Welcome to the LitCharts study guide on C. S. Lewis's Prince Caspian. Created by the original team behind SparkNotes, LitCharts are the world's best literature guides.

Brief Biography of C. S. Lewis

C.S. Lewis was born in Belfast, and he spent his childhood in Ireland. From a young age, he loved to read; he and his older brother also invented a world full of anthropomorphized animals which they called Boxen. After his mother’s death when he was eight years old, Lewis’ father sent him to boarding school in England, where he became an atheist. Lewis enrolled in college at Oxford, but his time there was quickly interrupted by World War I, where he fought in the trenches in France until he was wounded and decommissioned. Following this stint in the army, he returned to school. When he completed his studies, he became a professor, first at University College, then at Magdalene College, Oxford University. In his 20s, he met and befriended fellow Oxford professor and writer J. R. R. Tolkien. Under the influence of Tolkien and others, he returned to Christianity, though not without struggle and enduring doubts.
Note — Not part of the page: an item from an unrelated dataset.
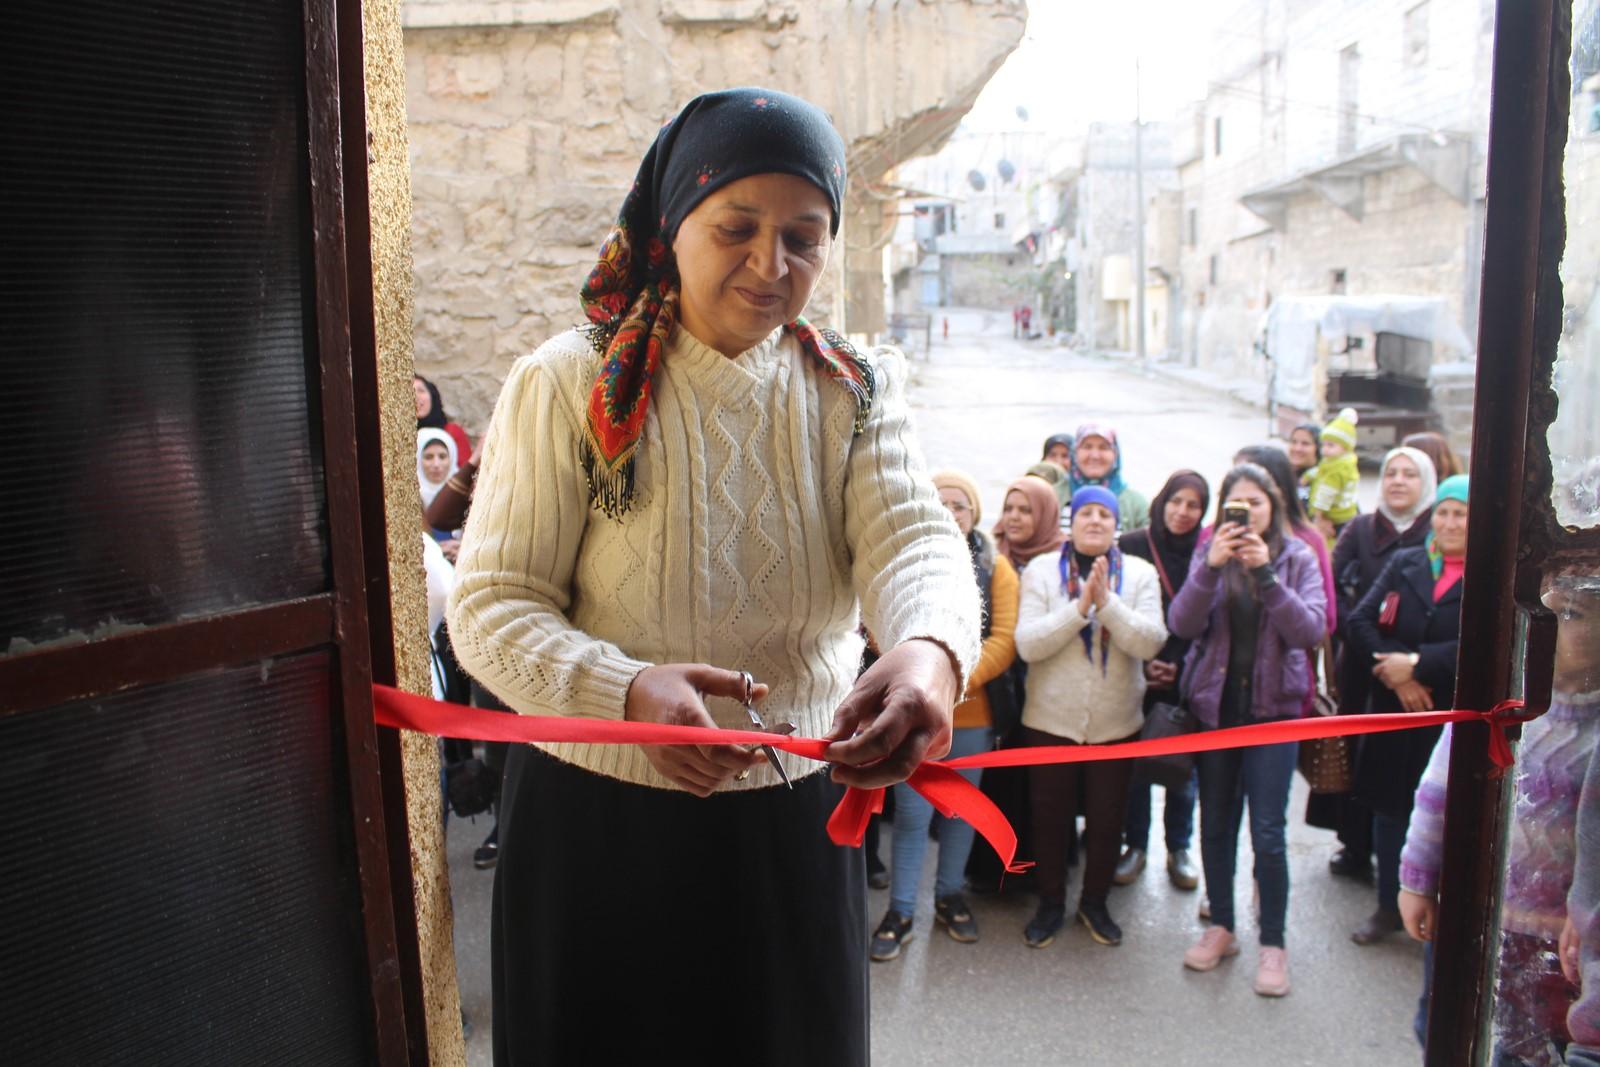 نساء حي الشيخ مقصود يفتتحن ورشة لصناعة الصوف

During World War II, he and his brother sheltered children who had been evacuated from London during the Blitz. In his 50s, Lewis met Joy Davidson Gresham, an American intellectual who converted to Christianity from Judaism. They married, first in a civil ceremony in 1956 and later in a religious one the following year, following her diagnosis of bone cancer. Following her death in 1960, he continued to raise her two sons from a previous marriage. Lewis himself died three years later of kidney failure. During his life he made important contributions to the scholarly field of medieval studies, penned science fiction and fantasy novels for children and adults, and wrote many autobiographical and theological works. His Christian faith, enduring love of the natural world, and deep fascination with Greek and Scandinavian mythology are evident in most of his fiction works.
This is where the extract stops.